Publisher/Date:
Critical Hit (2015)
Product Type:
Scenario/Map Pack
Country of Origin:
U.S.A.
Contents:
4 11" x 16" unmounted (heavy paper/light cardstock) geoboards (CC, EE, FF, JJ), 8 scenarios, 2 pages rules, 2 overlays, 140 die-cut counters
The awkwardly named AP Style Geo PTO 1 (hereinafter PTO1) is essentially a scenario/map pack centered on 4 11″ x 16″ (i.e., Gary Fortenberry style) geoboards (CC, EE, FF, JJ) and with scenarios focusing on the USMC. It was released simultaneously with two similar products, AP Style Geo PTO 2 and AP Style Geo PTO 3, each of which uses components from this pack.

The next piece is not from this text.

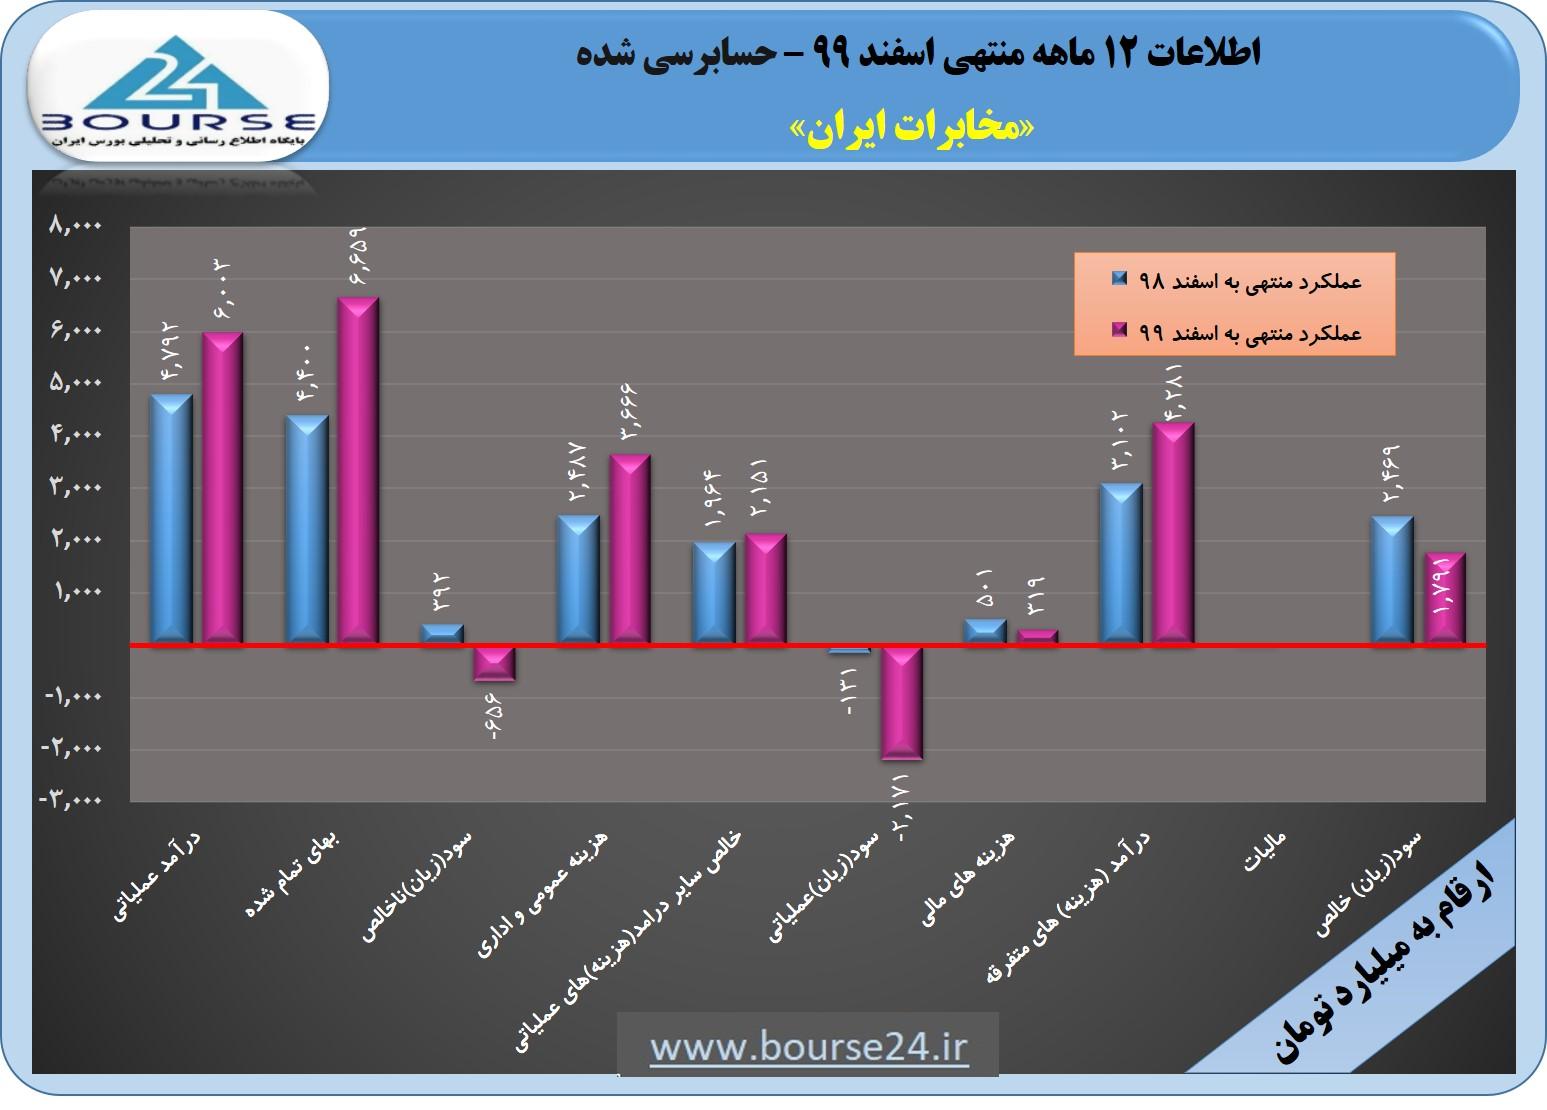 شناسایی سود ٢٩٩ ریالی در مخابرات ایران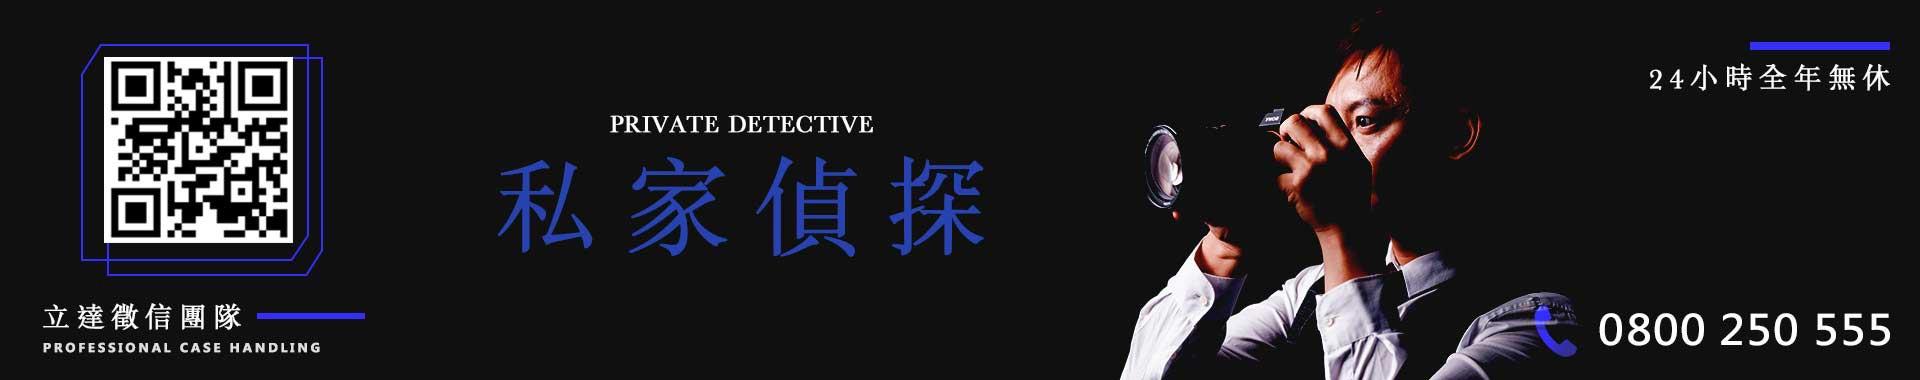 泰國私家偵探

PTO 1 includes 2 pages of rules, most of which are “optional” rules intended to dumb down PTO terrain (most of which is not complicated to begin with). There are also simplified Night rules as well as several rules designed to make USMC forces even more powerful than they already are in the official ASL rules.
The core of the product are the four included geoboards. These are unmounted boards (but on a stock that is considerably thinner than “official” unmounted boards). Not only they ostensibly designed to depict PTO terrain, but they are also rendered as PTO terrain in several ways–for example, palm tree hexes have artwork that looks like palm trees rather than orchards, and the boards only have paths, not roads.
Critical Hit has a habit of “re-using” its own boards in other products, so it is not clear if all the boards here are original or if they previously appeared in some other product and are re-treads (we did not feel like going back through all the relevant older CH products to check). They may be original or modified from other versions. All of the boards, for example, are true wilderness boards, without a single building. However, they may also be derivative of official geoboards, considering all of the scenarios in this pack were designed for official geoboards originally (see below). For example, board CC, a large hill board, also appeared in Across the Aller II as well as (in modified form) in the AP Style Geo AP 1 Collection. Critical Hit simply likes to cut corners.
The product also comes with two overlays, one an airstrip that looks like the board 38 airstrip and the other a little collection of huts surrounded by palm trees. The small countersheet consists of duplicate USMC counters that are already in the system.
As veteran ASLers and Critical Hit watchers probably already suspected, the scenarios included here are not original, but are cribbed from previously-published scenarios. Critical Hit recycles so much you’d think it would stop global warming all by itself.
For example, PTO1 (Ichiki’s End) is a modified version of OAF6 (Colonel Ichiki’s Folly) from the OAF Pack. PTO2 (Nakagawa’s Best) is just Leatherneck 2‘s LN2-1 (Airfield Fracas) plopped down on a new map–it uses the airstrip overlay that so resembles the airstrip of Board 38 because the scenario was originally designed on Board 38. PTO3 (Shoemaker’s Stand) is simply a smaller and stripped down version of LN2-3 (“We Hold Here!”). PTO4 (No Cakewalk) is simply LN2-6 (Second Day in Hell) with a couple of tanks added.
PTO5 (Naked Ridge) is a new version of The Knife Edge of Defeat from Rout Pak II. PTO6 (Final Chapter) is derived from Leatherneck’s The Last Island. PTO7 (The Long Way Around) appears to be a modified version of Leatherneck’s LN1-3 (Seizing Viru Harbor). PTO8 (Defiant Ridge) is a “re-imagination” of Leatherneck 2’s Hellzapoppin’ Ridge.
Since there is no indication that any of the new versions of these scenarios were re-playtested, the original scenarios probably have a better chance of being balanced and playable. Because of that, there seems to be little reason to purchase this pack, especially as it is priced at an outrageous $59.95.